Depending on how much time you have, you should try to shoot the ceremony details before the guests begin arriving. This is easier said than done because getting ready usually runs late and you’ll be scrambling to finish portraits and get the bride and groom over to the ceremony site in time to tie the knot. If that’s the case, you can still shoot a lot of this stuff while the ceremony is in progress. If you wait until later in the day, you’ll almost certainly miss the shots, as wedding venue staff and coordinators generally tear everything down immediately following the ceremony.
So what’s important here? Obviously the flowers and the programs and the seating signs and so forth. But every wedding is a little different, so be sure to keep an eye out for other decorations/items that are involved directly in the ceremony itself. For a Catholic ceremony, this might be the unity candle. For a Jewish ceremony, it would be the wine glass (mozel tov!). For a Hindu ceremony, it would be the 74 things laid out on the stage, 72 of which you have no idea what they are. Or maybe it’s a simple ceremony without a bunch of details. Try incorporating some of the natural elements around you.
Your only real chance to capture the reception details without a bunch of people in the room is during cocktail hour. This can be a challenge because that’s generally when you’re finishing up any last-minute portraits you didn’t have time to capture before the ceremony. But if you do have time, I’d recommend having your second shooter hang out at cocktail hour, capturing guests mingling with the bride and groom, while you knock out the reception details.

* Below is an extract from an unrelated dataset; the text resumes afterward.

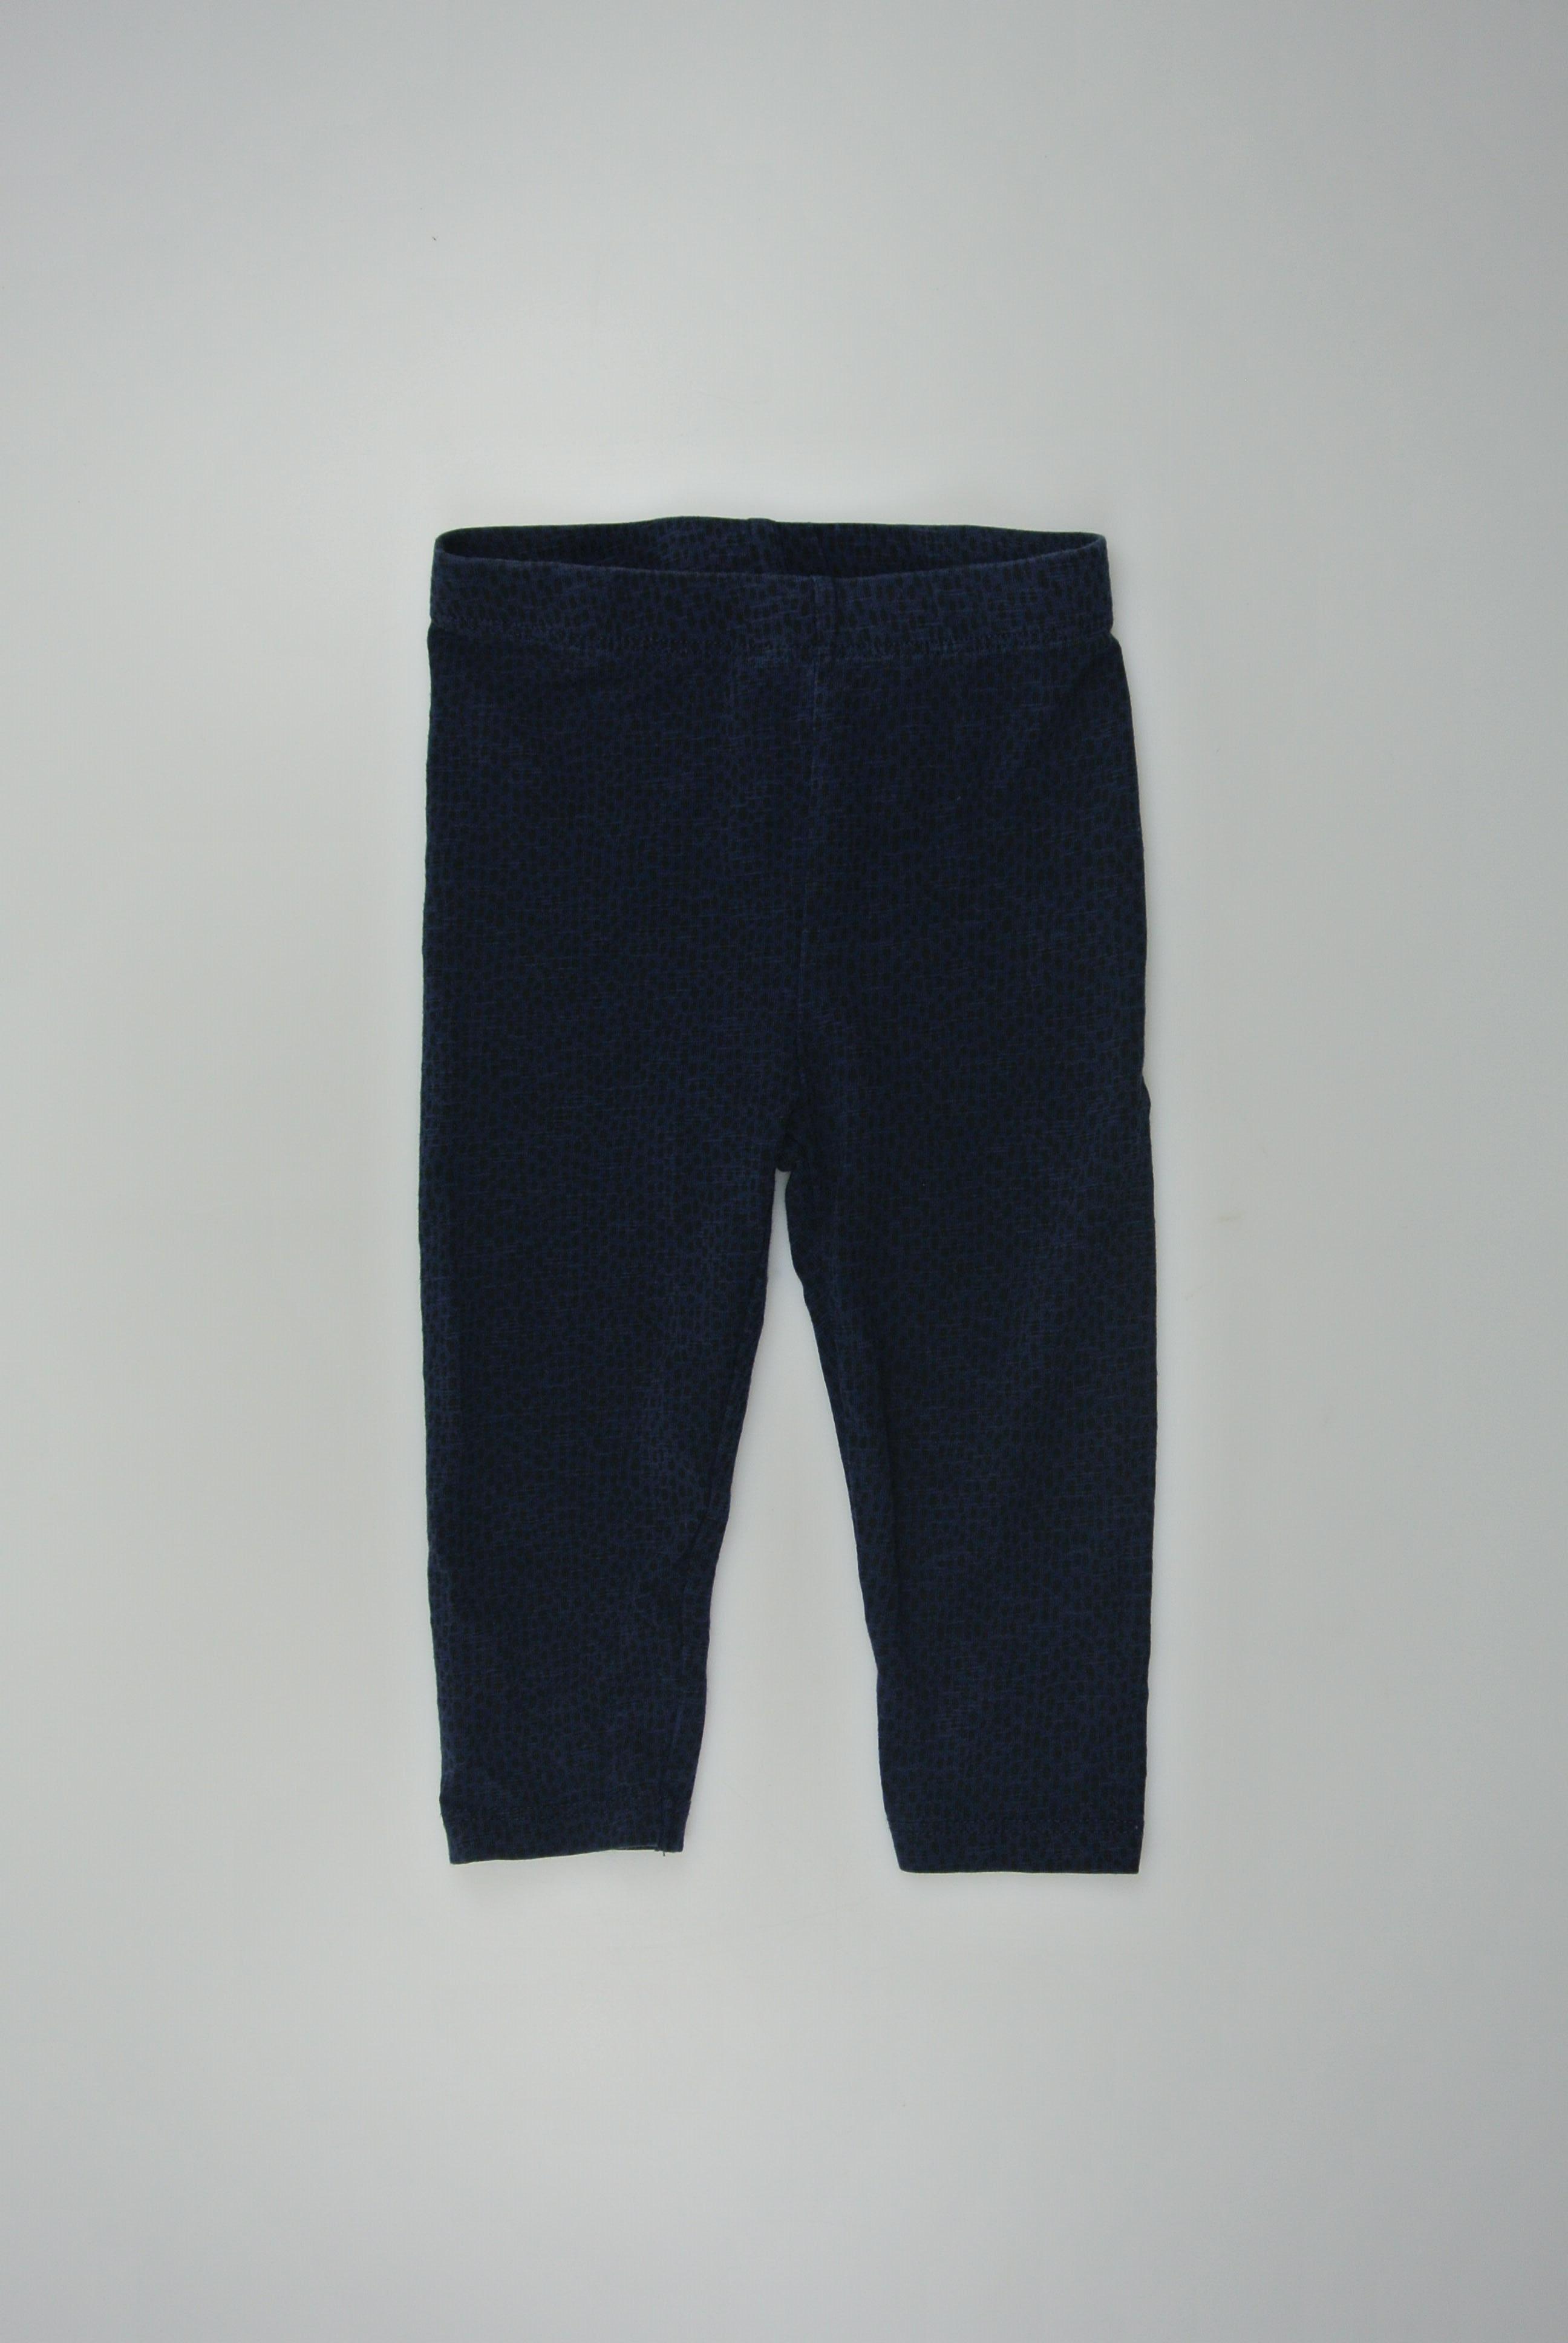 Soft gallery bukser str 62 dreng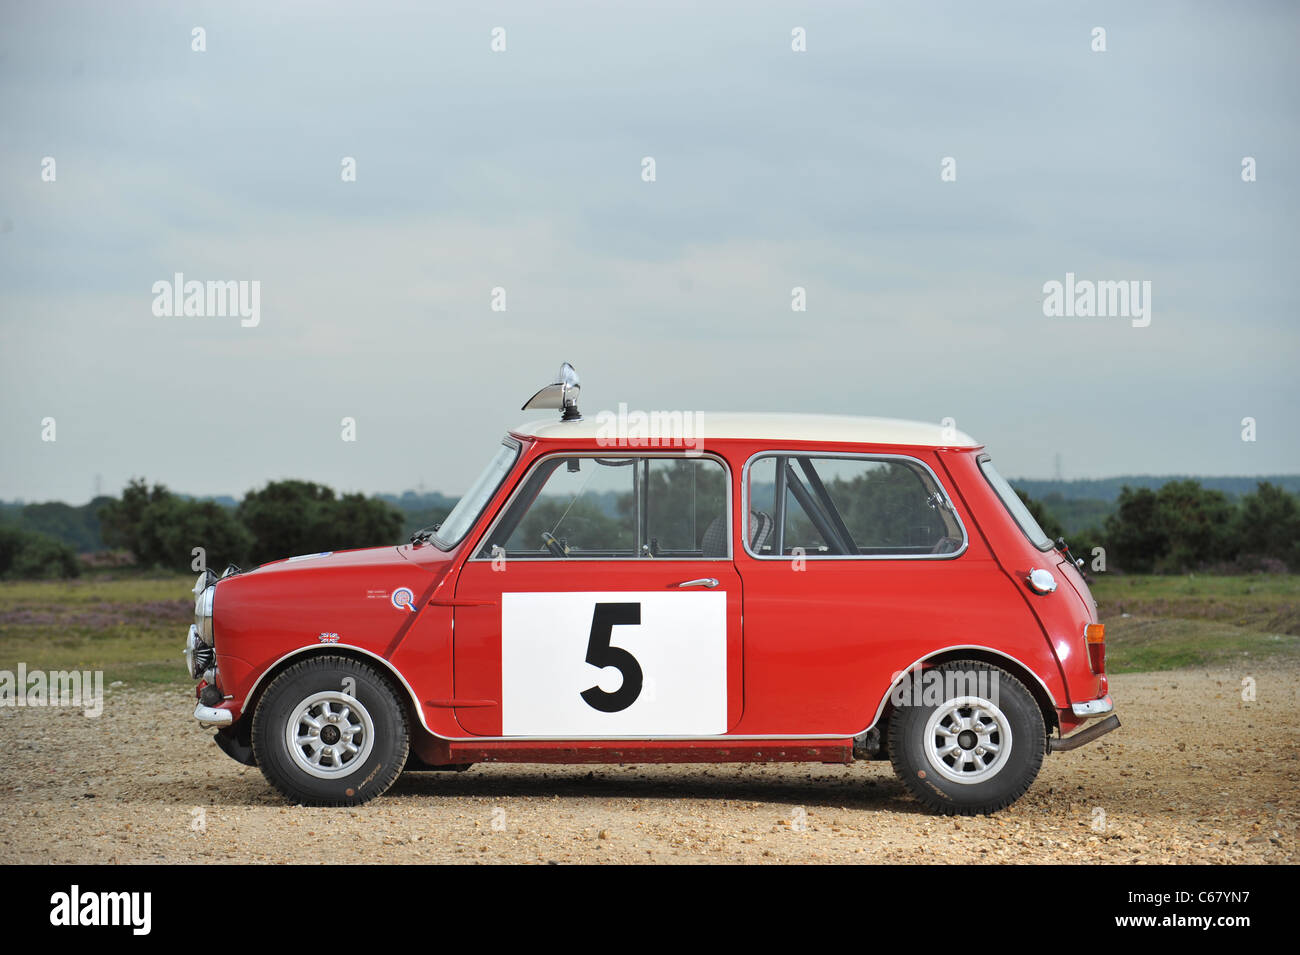 1964 mini cooper 1,275s rally saloon The ex works 1965 rac rally and  1966 scottish winner - Stock Image

My biggest piece of advice here is to use natural light whenever possible. But if you’re in a dark room with no windows, try bouncing off of the ceiling or the walls. If the walls and ceiling are too dark and/or too far away, you’ll have to use off-camera flash. In this case, be sure to attach a modifier to soften the light, such as a soft box or a MagBounce, etc.
When shooting the cake, be sure to get one good shot of the entire cake then a handful of closer shots of the finer details. When shooting glass wear, try focusing manually and/or using a smaller aperture. Much like the gem stones in rings, it can be difficult to auto focus on transparent objects. If there’s up lighting in the venue, you can use it to put a halo behind your subjects, giving your photos a more three-dimensional quality. Other than that, just get creative. Get low, get high. Be mindful of your compositions and try to fill the frame.
Okay. Here’s a bonus section. When I say “found details,” I mean any detail photo that wasn’t set up or posed. Found details are everywhere and they go a long way toward telling the story of the wedding day. And to me, they feel a bit more memorable because they depict a real moment in time that will most likely never be repeated. Remember what I’ve been preaching about getting low, getting high, getting close, getting far? Well, this is the “getting close” part.
So once you’ve nailed all of the great reception details, you should have a spare four seconds or so to get into position for the introduction of the bride and groom into the reception.